For Concordia University's Adam Radomsky, a professor in the Department of Psychology and the Director of the Centre for Clinical Research in Health at Concordia, finding a viable treatment for these individuals is driving research freshly funded by the Canadian Institutes for Health Research (CIHR). Based on previous work conducted with colleagues at the University of British Columbia and the University of Reading in the United Kingdom, Radomsky is now testing a novel approach to treatment for compulsive checking that could just mean vast improvements in the quality of life of countless individuals.
"For years, the best way to treat compulsive checking in OCD sufferers has been through a difficult therapeutic process known as exposure and response prevention, or ERP" explains Radomsky. "By facing their worst fears repeatedly until their anxiety declines, patients learn to diffuse their hypervigilant checking responses -- in theory." In practise, however, this type of treatment often results in patients quickly discontinuing the therapy. "Refusal rates for ERP are unacceptably high, which is why we need to develop a new and refined treatment that specifically works for compulsive checking."
Radomsky's treatment builds on previous research which found that individuals with OCD who compulsively checked certain aspects of their surroundings did so because of an inflated sense of perceived responsibility. "If I don't turn off the stove, the house will burn down," is a plausible thought that can quickly devolve into an obsessive cycle of checking and re-checking, and can even result in an inability to leave the house. Yet, as proved by Radomsky's previous research, performing these seemingly senseless repetitions actually results in a loss of confidence.

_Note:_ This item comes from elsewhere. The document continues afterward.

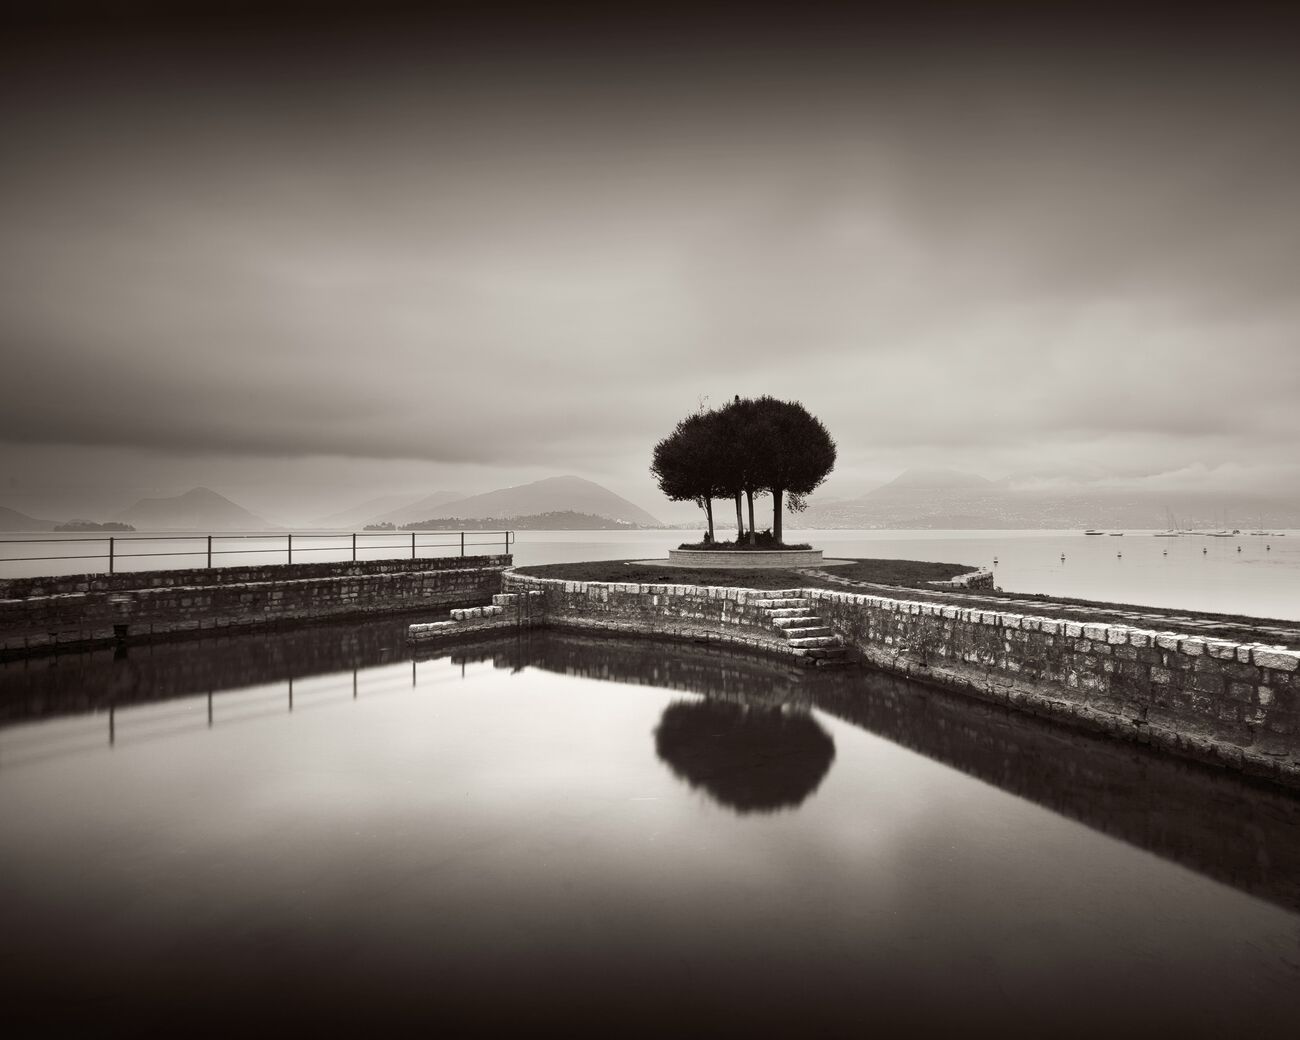 Achat d'une photographie 23 x 18.4 cm, Trees on pier, etude 2. Ref-11608-3 - Denis Olivier Photographie d'Art

By modifying the patient's inflated feelings of personal responsibility and reducing predictions of seriousness of anticipated misfortunes, the cycle can be turned the around. By placing the emphasis on how people think rather than on what they do, Radomsky's new approach targets people's faulty beliefs about how responsible they think they are, about their own memories, and about the dangers that they perceive. The progress of the proposed treatment takes the patient from exercises in normalizing inflated responsibility, through restoring confidence in memory, all the way to reducing self-doubt and guilt, hopefully leaving patients with new insights into how they perceive themselves, and the world around them.
Developed in the lab, Radomsky's research is set to show real promise in the field. "For me and my team," says Radomsky, "this work will capitalize on all of our previous experimental research and lead us to testing a new intervention based on our previous findings. It's our hope that this work will lead to a more substantial test of the treatment, which in turn could influence how people treat OCD in Montreal, in Canada and beyond."
The original paper, published in Cognitive and Behavioral Practice, was co-authored by Rosamund Shafran and AE Coughtrey from the University of Reading, and by Stanley Rachman from the University of British Columbia. The CIHR-funded study also involves co-investigators Michel Dugas, Gail Myhr, and Maureen Whittal.